4.1.5. Periode 1998-sekarang

Krisis moneter yang mulai melanda Indonesia pada pertengahan 1997 telah menjatuhkan semua perkiraaan atas nilai tukar rupiah terhadap mata uang asing, dengan kenaikan nilai tukar dollar Amerika terhadap rupiah, maka devisa yang harus disediakan untuk impor gandum akan sangat tinggi. Dalam kondisi cadangan devisa yang terbatas, penyediaan devisa untuk impor gandum terasa sangat memberatkan.

Disamping itu, setelah reformasi 1998, terjadi deregulasi diberbagai sektor usaha. Deregulasi itu juga menyentuh industri tepung terigu di Indonesia dengan dikeluarkannya Keppres No.19/1998 tanggal 21 Januari 1998, dengan demikian sejak tahun 1998 monopoli Bulog terhadap industri tepung terigu telah dihapuskan. Deregulasi tahun 1998 ini telah merubah paradigma bisnis dan struktur industri tepung terigu, yaitu adanya kebebasan untuk mengatur pembelian gandum dan penjualan tepung terigu, pasar menjadi kompetitif dan terbuka, adanya peningkatan pelayanan kepada pelanggan, adanya inovasi produk, merk, distribusi dan promosi, serta efisiensi biaya sebagai dampak dari skala ekonomi (Aptindo, 2005). Status perusahaan-perusahaan penggiling gandum pun berubah setelah Bulog tak lagi menangani tata niaga tepung terigu. Komoditas ini diserahkan kepada mekanisme pasar. Bahkan pada tahun 1997 dan 1998 telah berdiri perusahaan-perusahaan baru yaitu PT Panganmas yang pabriknya beroperasi di Cilacap dan Sriboga di Semarang. Pada tahun belakangan ini berdiri dua perusahaan baru yaitu UD Perusahaan Kian Jaya dan UD Harum Abadi.

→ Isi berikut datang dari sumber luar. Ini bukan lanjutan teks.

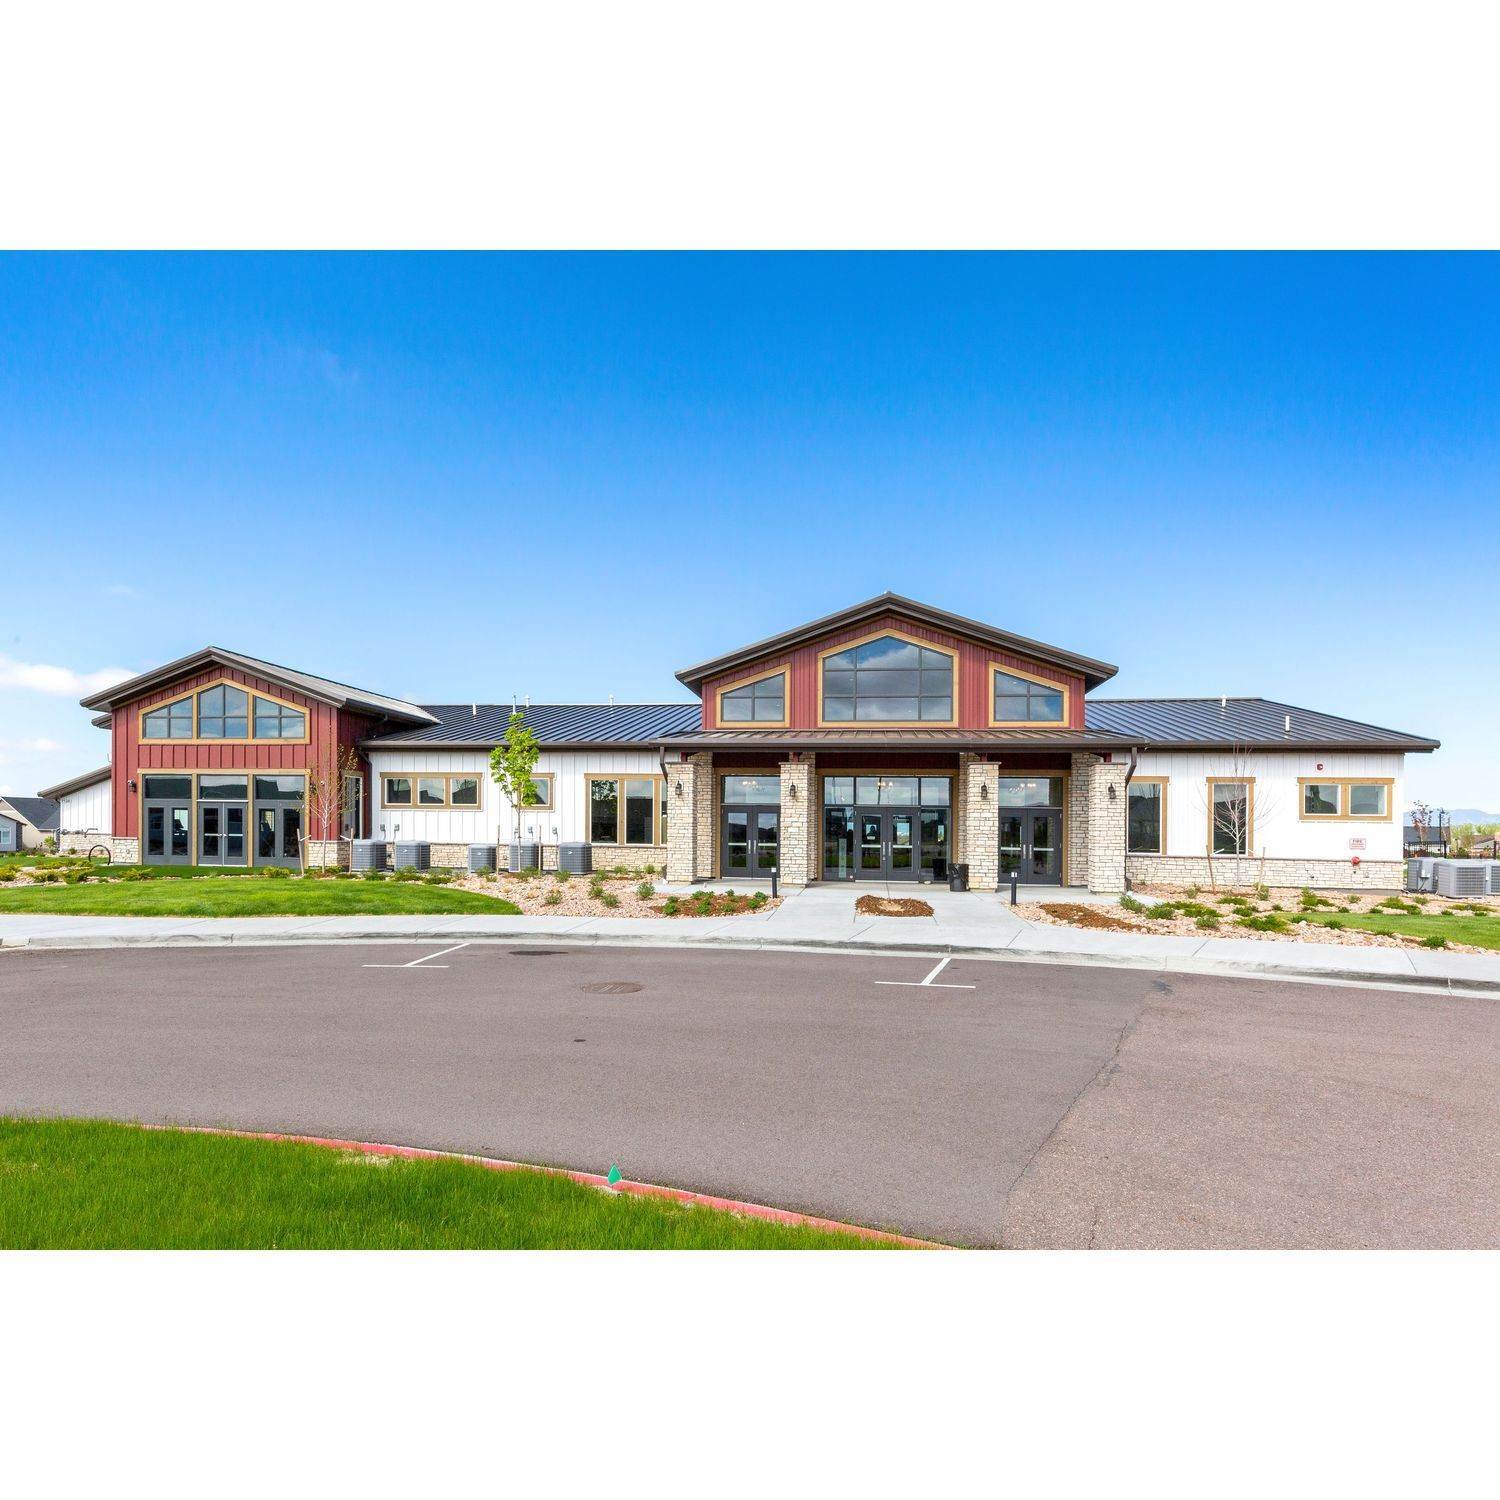 16. The Retreat in Banning Lewis Ranch edificio en 9158 Braemore Heights, Colorado Springs, CO 80927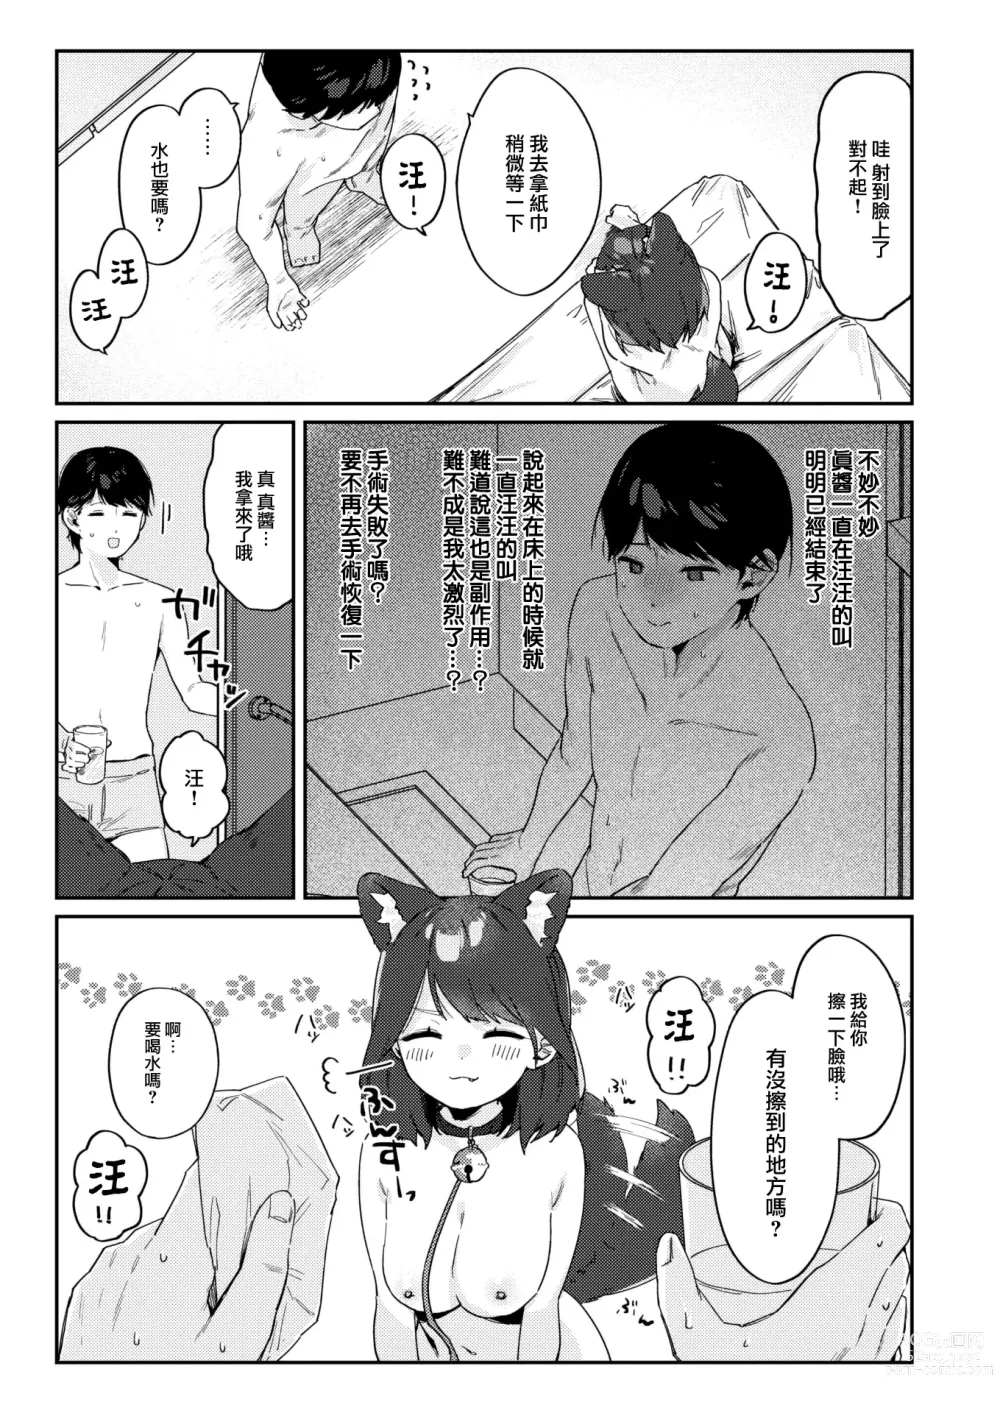 Page 22 of manga Wonderful Change

Seharusnya dengan terbukanya mekanisme pasar, kenaikan harga tepung terigu menjadi lebih rendah. Akan tetapi kebijakan melepas kendali monopoli Bulog bersamaan dengan terjadinya krisis ekonomi di Indonesia, sehingga harga tepung terigu sejak tahun 1998 hingga tahun 2002 terus mengalami peningkatan, namun dengan peningkatan yang tidak terlalu besar.